-------- Source material --------
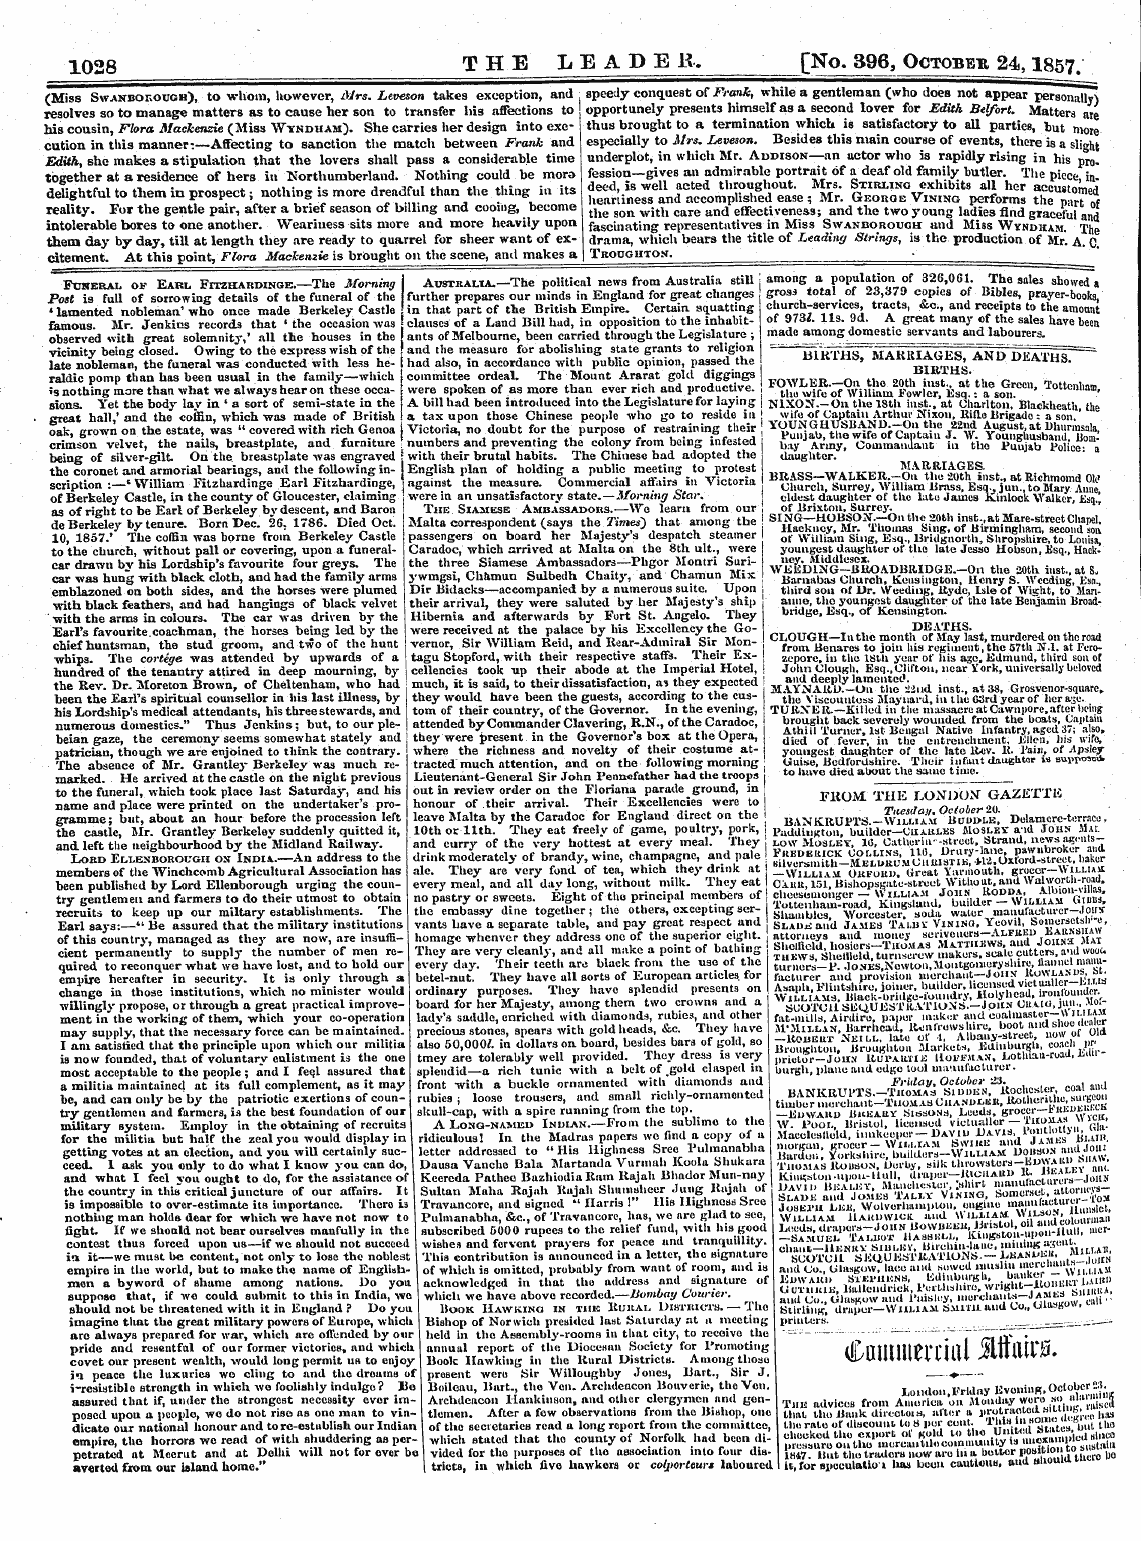 Leader (1850-1860): jS F Y, 2nd edition - I Ekom The London" Gazette. Tuesday. Oct...
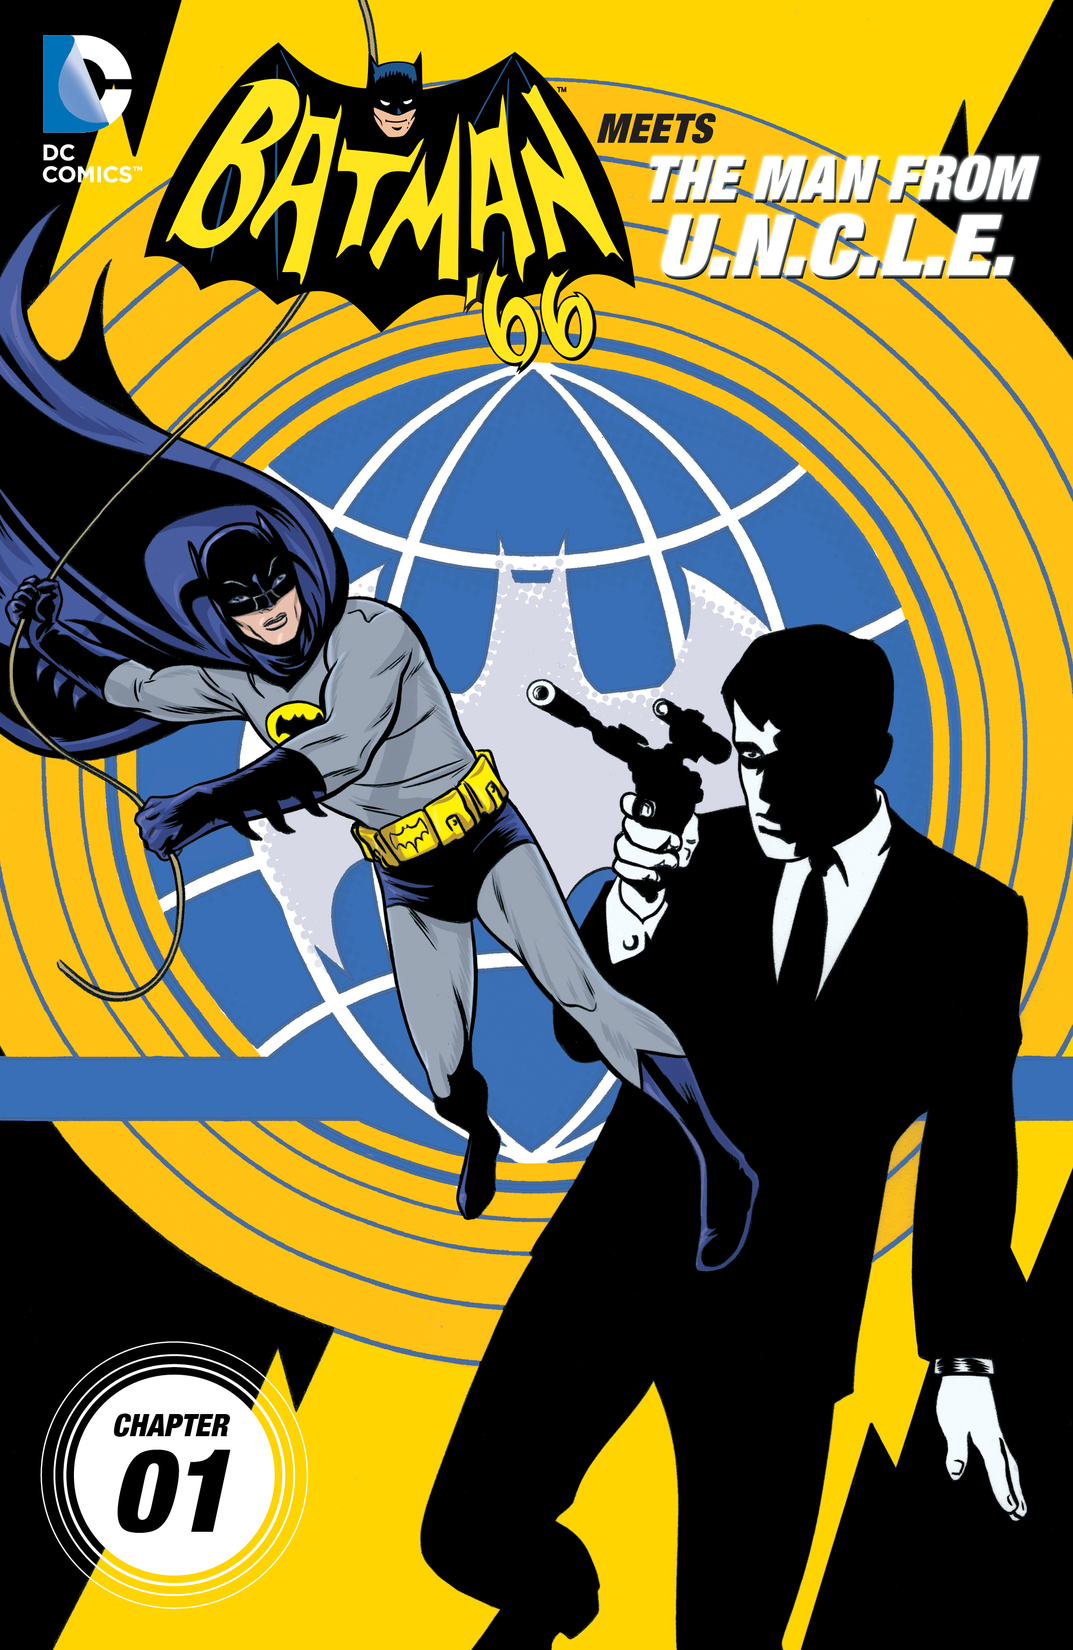 Batman '66 Meets The Man From U.N.C.L.E. #1 preview images
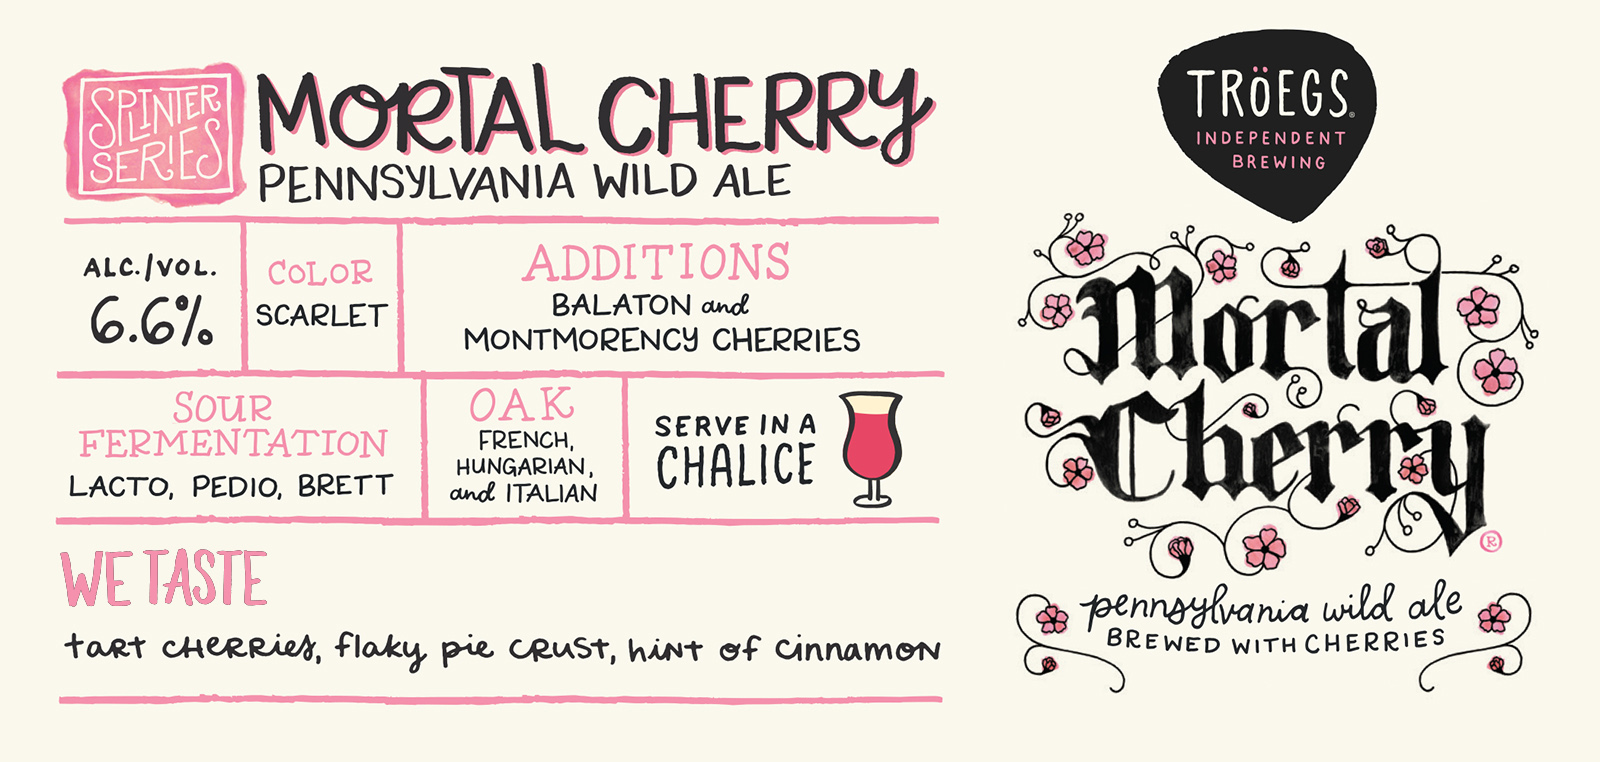 Mortal Cherry info graphic.
--------
The expected output is the whole listing, word for word, minus its pictures.

 Leader (1850-1860): jS F Y, 2nd edition - I Ekom The London" Gazette. Tuesday. Oct...
 Batman '66 Meets The Man From U.N.C.L.E. #1 preview images
 Mortal Cherry info graphic.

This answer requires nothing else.